So much for all those nasty threats to our Arctic sovereignty:
Harper’s tough talk on the Arctic less stern in private
Despite the military photo ops and defiant words aimed at the Russian Bear in the Far North, U.S. diplomatic cables indicate that Stephen Harper doesn’t believe there’s a threat of military conflict there: He told NATO it is not wanted in the Arctic because there’s no likelihood of war.
The cables, released by website WikiLeaks, indicate that the U.S. embassy in Washington saw much of the Conservative government’s aggressive public statements on the Arctic as a partisan strategy to win votes rather than substantive government policies. In private, the cables indicate, Mr. Harper was more “pragmatic.”
The massive potential for oil and gas discoveries in the Arctic has countries scrambling for offshore turf, but those claims are largely being settled by United Nations legal arbitration. Nonetheless, Mr. Harper’s government has often hinted at potential military encroachment by Russia and stressed the need for beefed-up military hardware to defend the Arctic…
…there’s a populist reason to take such stands: Although defence experts often dismiss the idea that Canada’s Arctic is actually under foreign threat, many Canadians seem to think it is.
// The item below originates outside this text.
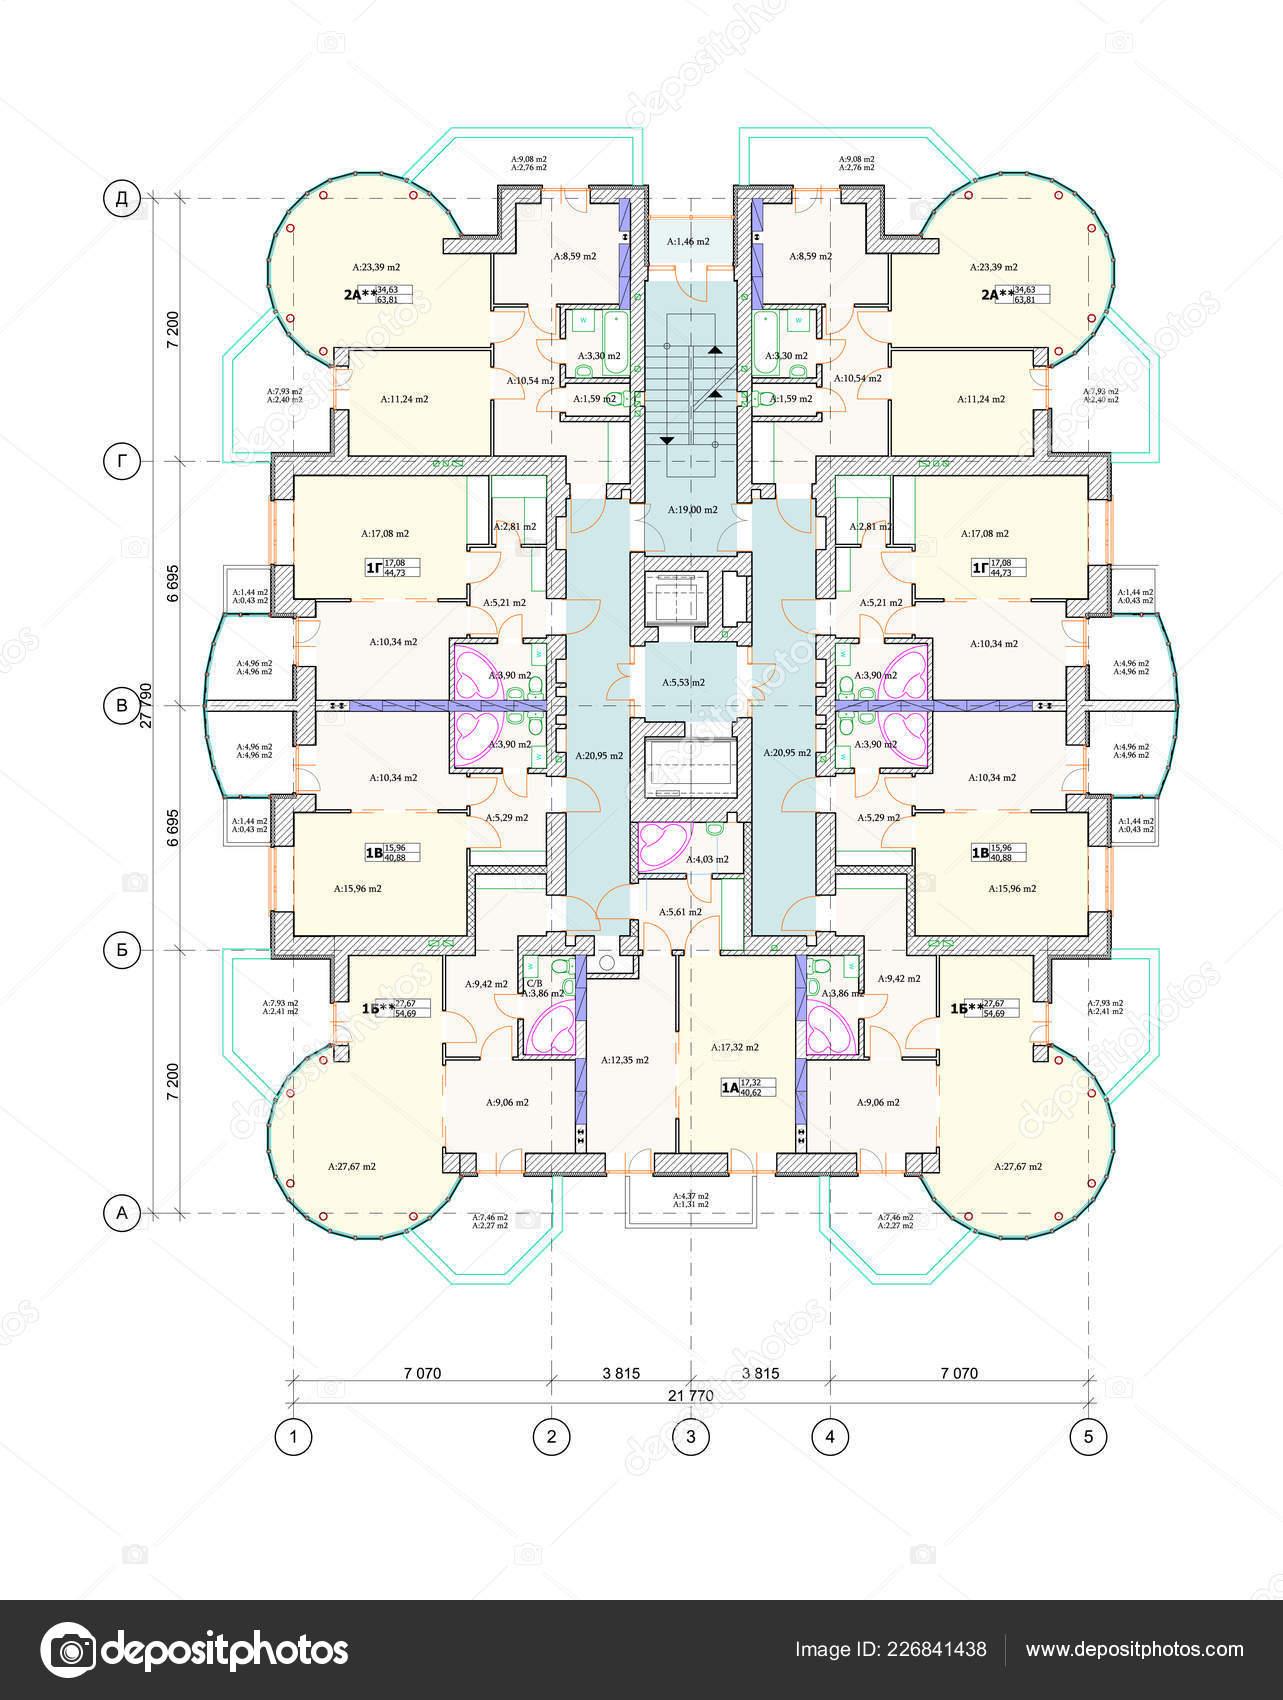 Vicepodlazni Budovy Pudorys Layout Detailni Architektonicke

A 2009 Environics survey found that 60 per cent of people living north of the 60th parallel (and 52 per cent of those south of it) believe there is a security or sovereignty threat to the northern border…
The release of the cables came as the Arctic Council – which includes Canada, the United States, Russia, Norway, Sweden, Finland, Denmark and Iceland – signed its first legally binding treaty to divide responsibilities for search-and-rescue activities in the Arctic. The deal sets aside the trickier questions of territorial claims to provide for legally entrenched functional co-operation [more here and an American view here]…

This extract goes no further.